The European Commission has launched an investigation into whether state aid awarded to Polish Regional Railways (Przewozy Regionalne) broke EU rules.
The investigation relates to PLN 770 million (around €181 million) in restructuring aid which was granted to Polish Regional Railways in September 2015 by Poland’s government.
EU rules state that companies in financial difficulty are only allowed to receive restructuring aid from the state once over the course of a 10-year period.

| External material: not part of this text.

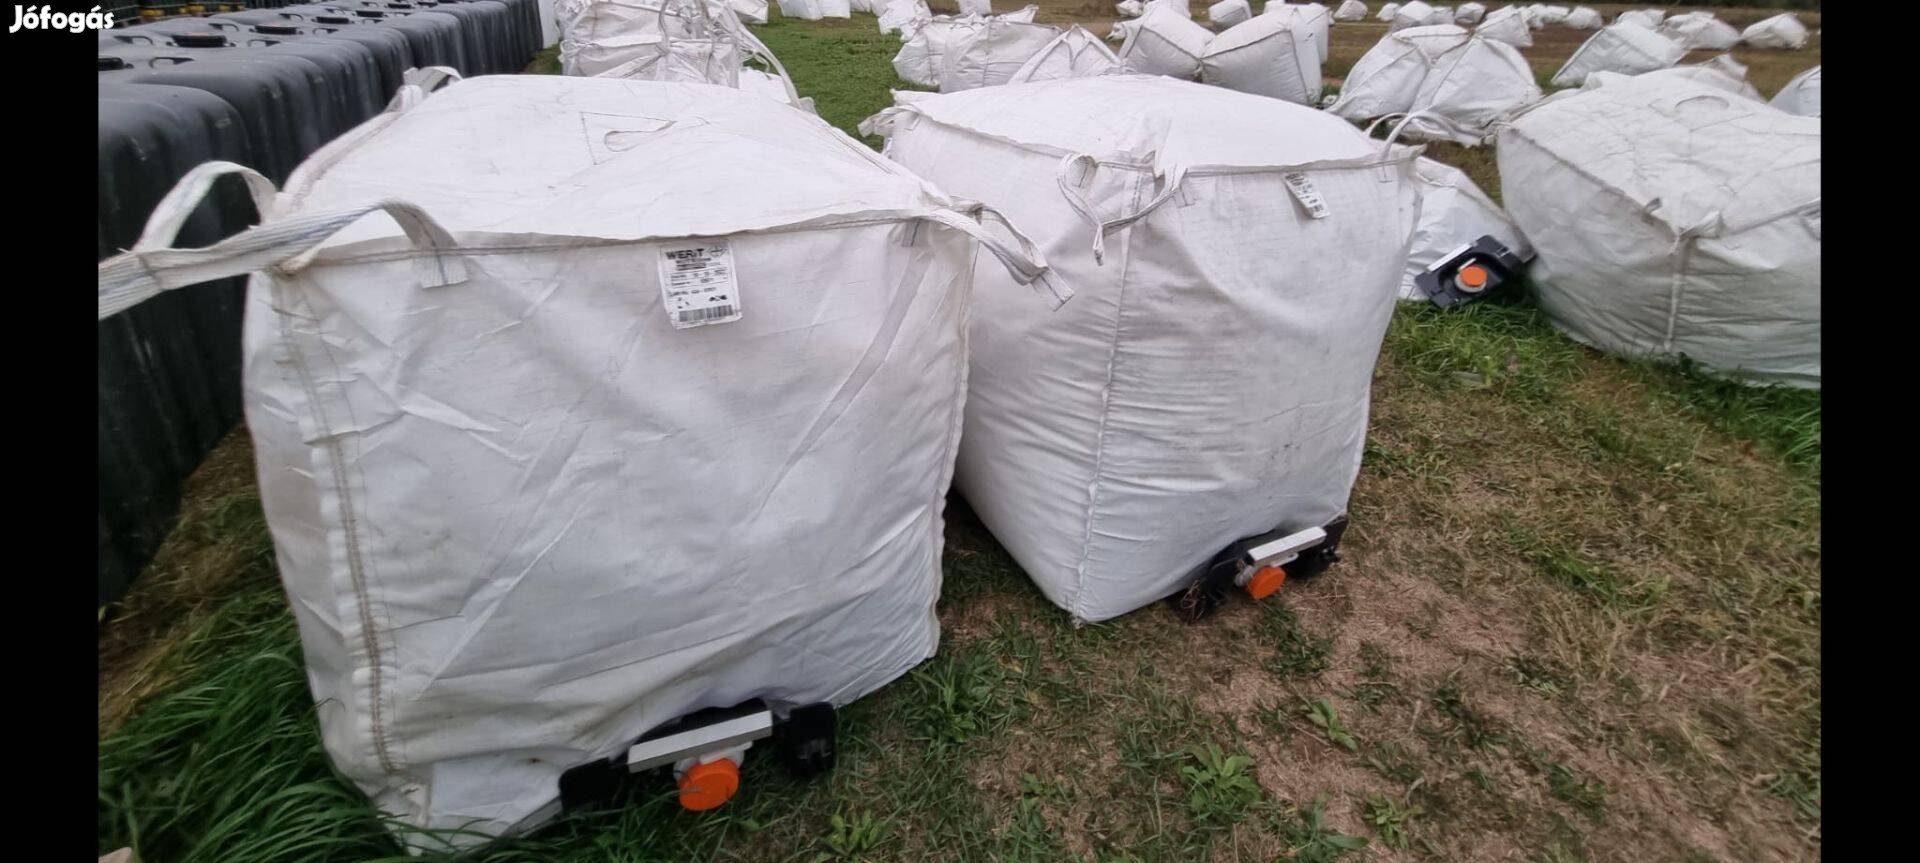 Ibc 1000 literes Big beg zsák folyékony anyagok szállítására 1500 Ft

The European Commission (EC) said its preliminary investigations showed that Polish Regional Railways had received support prior to the payment in 2015.
The investigation will consider whether this past state support should be classed as restructuring aid, whether Poland has sufficient measures in place to ensure restructuring aid doesn’t damage competition and whether Polish Regional Railways made a sufficient contribution to the restructuring costs.
Commissioner Margrethe Vestager, who is head of competition policy, said: “Polish Regional Railways has already benefitted from state support in the past.
“We need to assess whether the aid received is compatible with EU State aid rules and make sure that public support does not lead to distortions of competition in this market.”
The EC said the investigation would take into account differences with the Polish domestic passenger rail market to other economic sectors, namely that it is a market that hasn’t yet fully opened up to competition across the continent.
In response, Polish Regional Railways issued a statement explaining how the company has recorded profits in the past two years, having struggled financially since it was established in 2001.
Polish Regional Railways said it was now able to finance a major rolling stock modernisation programme to improve the quality of its service. It also referenced similar rail state aid investigations in Bulgaria and Greece. In both cases no breach of EU rule was found.